Emotionale Flashbacks – Wenn das Nervensystem alte Wunden öffnet
Dass das alles auf meine komplexe posttraumatische Belastungsstörung zurückzuführen ist, weiß ich auch erst seit meiner stationären Traumatherapie – dort habe ich erst so einiges verstanden. Und vieles habe ich mir auch angelesen. Emotionale Flashbacks sind besonders tückisch, vor allem, weil man diesen oft nicht so einfach beikommt und erkennt. Sie kommen nicht mit Bildern oder Gerüchen, sondern mit Gefühlen. Plötzlich fühle ich mich minderwertig, klein, bedroht, obwohl objektiv nichts Bedrohliches passiert ist. Ein Satz, eine Kritik, ein Blick und mein System springt an.

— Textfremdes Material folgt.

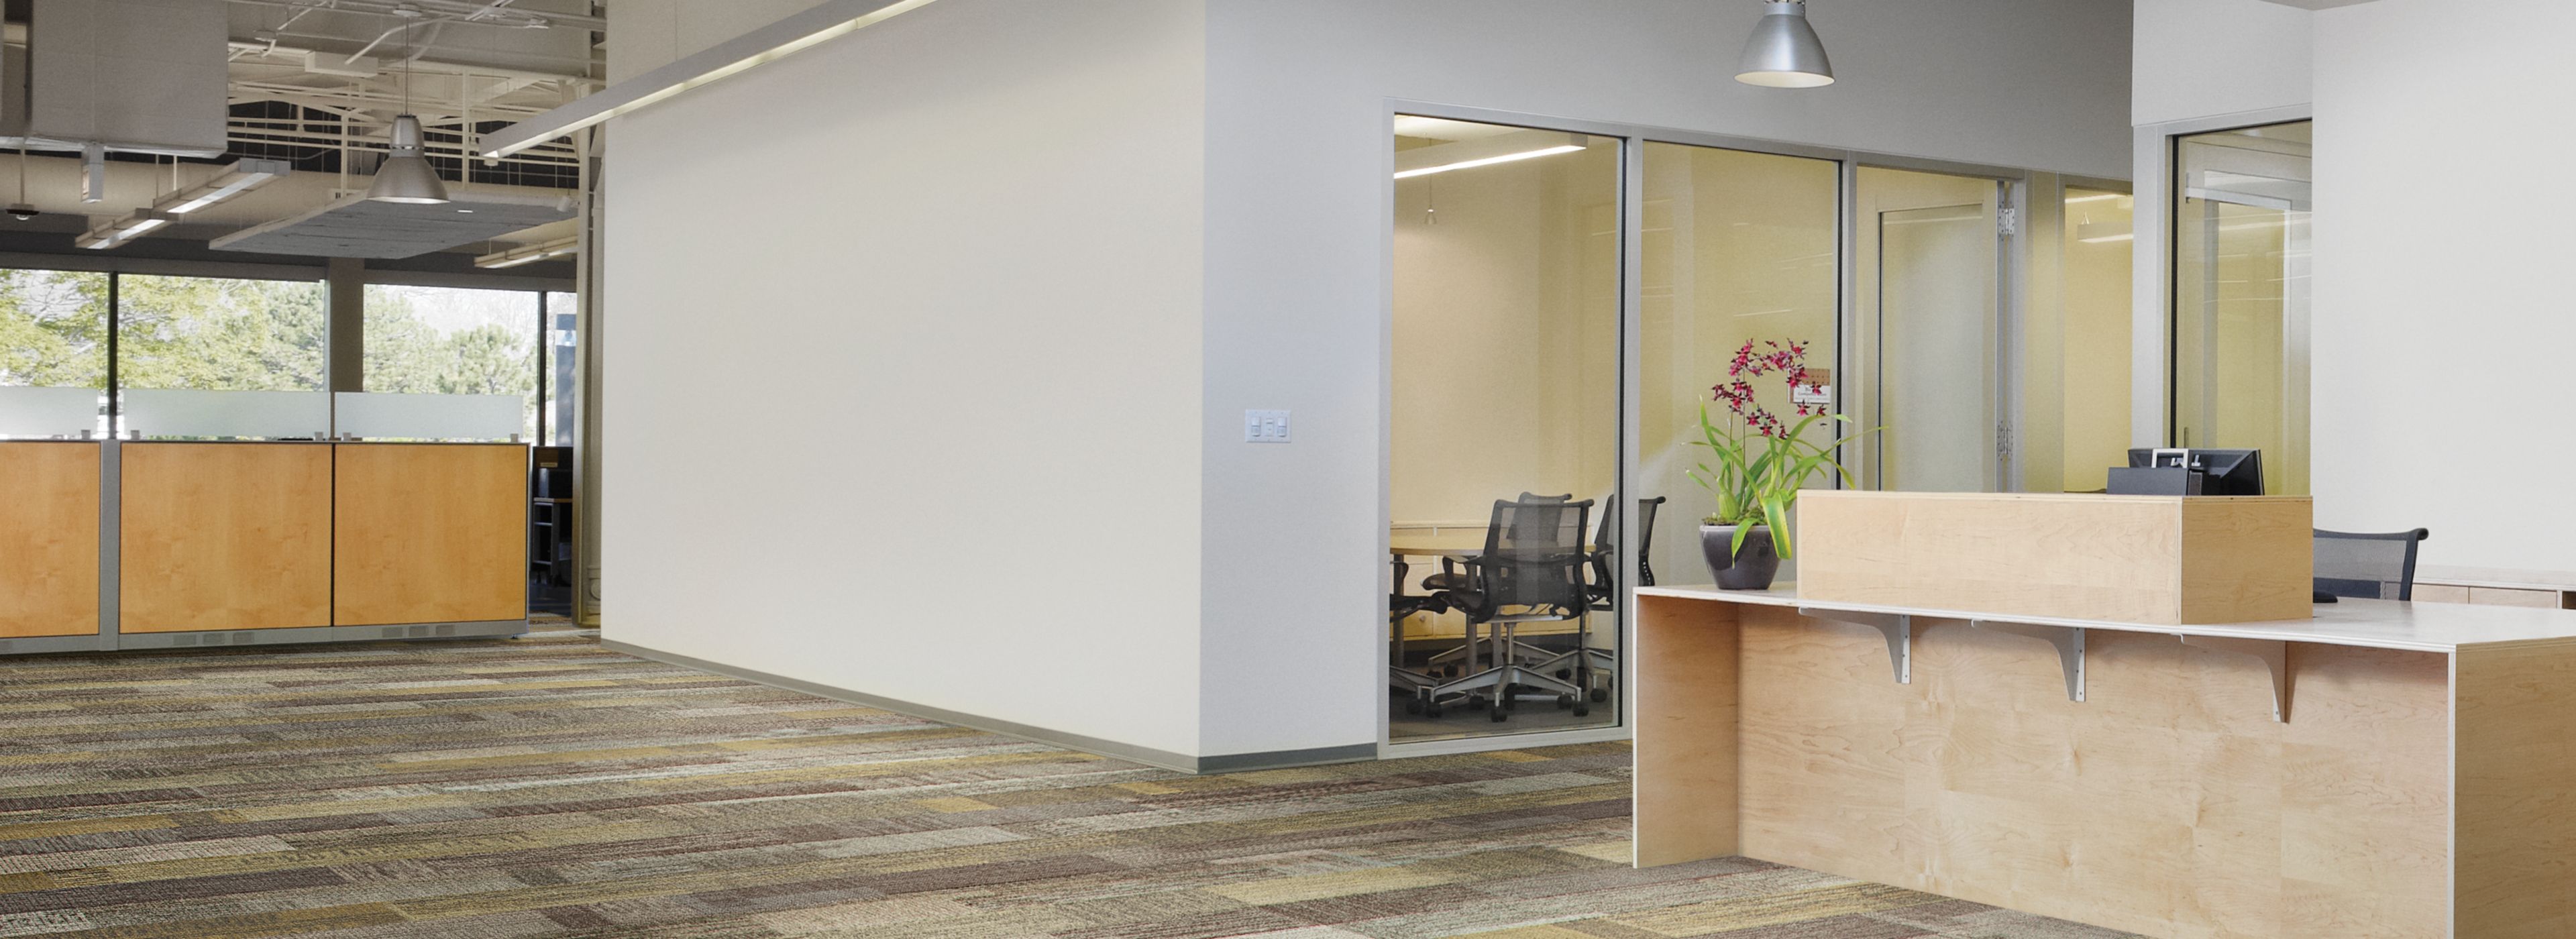 Interface Verticals plank carpet tile in open office setting with reception desk imagen número 1

Nicht, weil es logisch ist, sondern weil es alte Muster berührt. Kindheit, Verlust, Schmerz. Alles auf einmal. Und ich stehe da und frage mich: Was zur Hölle passiert hier gerade? Was oft vergessen wird: Das Nervensystem trennt nicht sauber. Ein Geruch, ein Lied, ein Ort – sie können eine schöne Erinnerung wachrufen, aber gleichzeitig auch die Zeit drumherum, die vielleicht schmerzhaft war. Und dann wird aus einem warmen Moment ein kalter Schock. Nicht, weil ich das will, sondern weil mein System entscheidet: Das ist jetzt gefährlich.
Leben mit kPTBS
Ich weiß, dass viele das nicht verstehen. Dass sie sagen: „Das ist doch vorbei.“ Oder: „Du musst einfach loslassen.“ Ich weiß, dass das in dem Moment gut gemeint ist, aber es ist für uns, die an einer kPTBS leiden, nicht sehr hilfreich – ganz im Gegenteil. Man fühlt sich dann als Versager, als jemand, der sich einfach nur für das Leben entscheiden muss. Als wäre das eine Entscheidung. Ich habe mir das alles nicht ausgesucht. Trauma ist kein Lifestyle. Ist es nicht. Es ist ein Zustand, einer, der sich nicht an Regeln hält, der kommt, wenn er will. Einer, der bleibt, auch wenn man ihn nicht eingeladen hat.
Ich hab keine perfekte Strategie. Kein „So geht’s besser“-Rezept. Aber ich hab gelernt, dass es hilft, Worte zu finden. Für das, was sich so schwer beschreiben lässt. Dass es okay ist, wenn man sich manchmal fremd fühlt im eigenen Körper. Dass man nicht falsch ist, nur weil man anders reagiert. Vielleicht bin ich schwach. Aber vor allem bin ich verletzt von einem Leben, das sich viele nicht im Geringsten vorstellen können oder mögen und das ist okay. Ich wünsche das niemandem, noch nicht einmal meinem ärgsten Feind. Okay, meinem Erzeuger hätte ich noch viel mehr an den Hals gewünscht, aber der ist tot und das ist gut so. Und mein System tut alles, um mich irgendwie durchzubringen. Manchmal auf sehr seltsame Weise und mit extremen Umwegen, auf die ich gut und gerne verzichten könnte. Manchmal mit Aggression, ein anderes Mal mit Leere. Aber immer mit dem einen Ziel: Überleben.